The Judge concluded that it required “explicit information about the regulatory position in relation to the provision of a particular ‘service’ by a particular firm to a particular client” (at [23]).Documents such as the generalised marketing material in question, available both to clients and non-clients, were not sufficient to satisfy the requirement. At [33]:

“…the marketing document’s self-description as not itself providing individually tailored investment advice, and as warning that appropriateness will depend on each individual’s circumstances and that the power bonds may not be suitable for all investors… is simply not the same thing as telling the reader that any future transaction… will be undertaken… on the basis that [the firm] is not required as such (that is, ‘in the provision of this service’) to assess the appropriateness of that transaction – at any point or in any form – and that the investor will therefore not benefit in any way from the protection of the rules on assessing suitability.  The former is a description of the (non-)effect of a marketing communication on its readership at large; the latter is a statement of the (non-)applicability of specific legal entitlements in a client/provider relationship.  Deducing the latter from the former is a non-sequitur…”
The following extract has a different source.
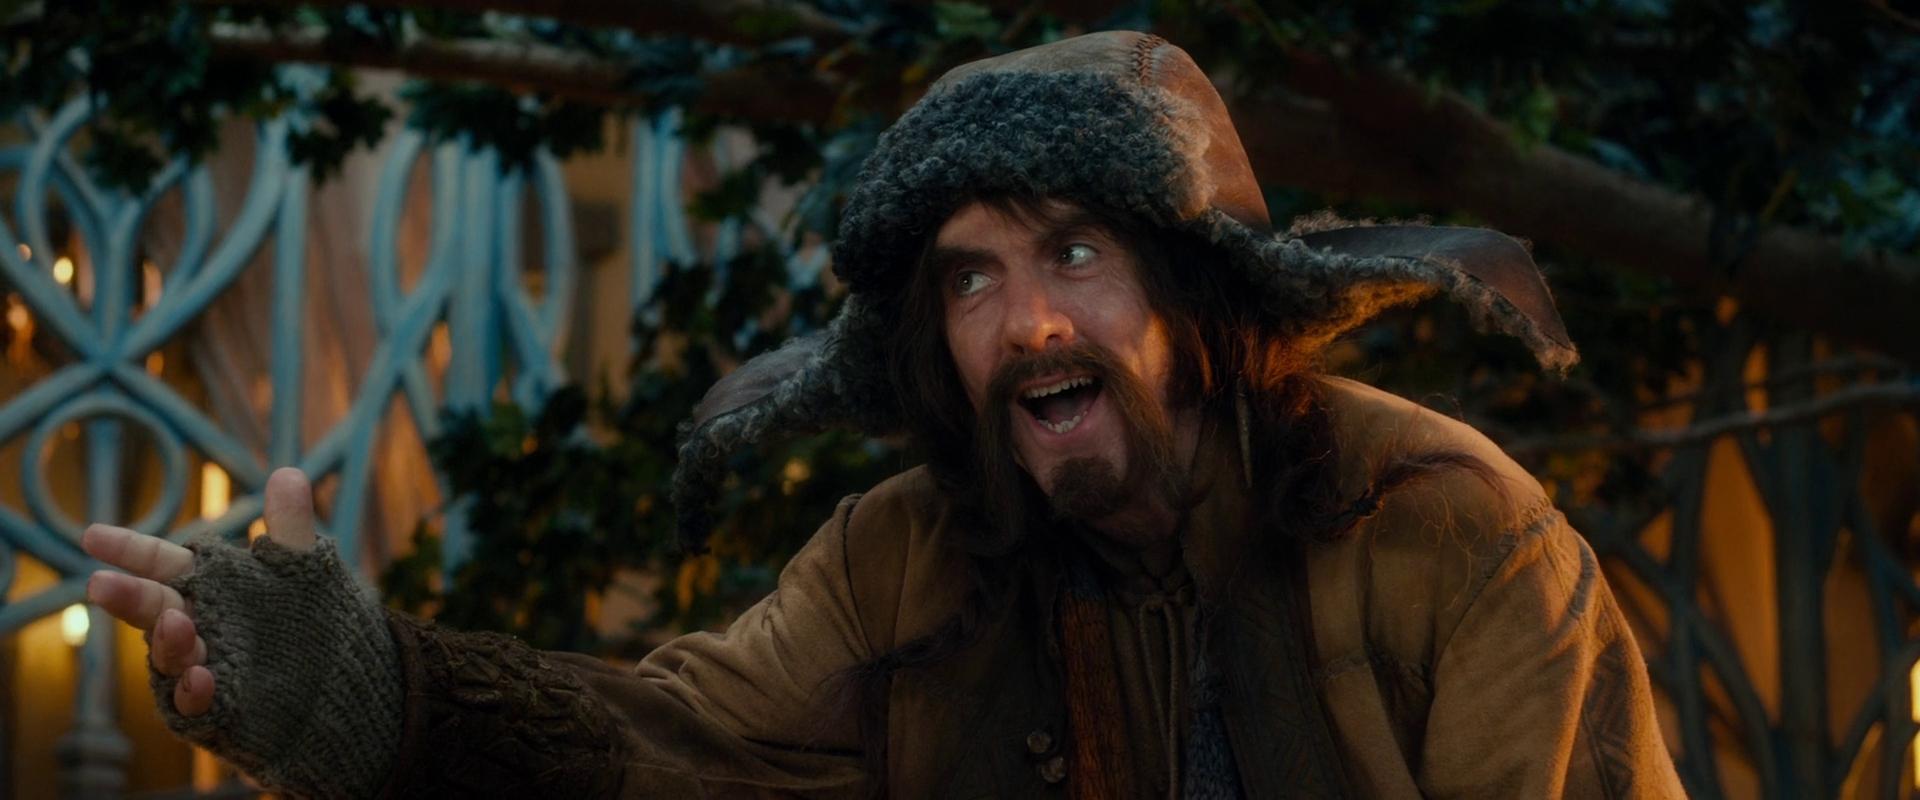 The hobbit 2012 torrent

The Judge ultimately dismissed the claim in light of the application of s. 31(2A) of the Senior Courts Act 1981, which debars the Administrative Court from granting relief on a claim for judicial review if it is “highly likely” that the decision would have been the same irrespective of the alleged error. Applying the approach set out by the Court of Appeal in R (Goring-on-Thames Parish Council) v South Oxfordshire DC [2018] 1 WLR 5161, the Judge noted the causation issues faced by the claimants irrespective of the analysis on COBS 10.4.1R. She therefore concluded at [42]: “It appears to me in all these circumstances to be highly likely that the outcome for the Claimants would not have been substantially different if the ‘conduct complained of had not occurred’.”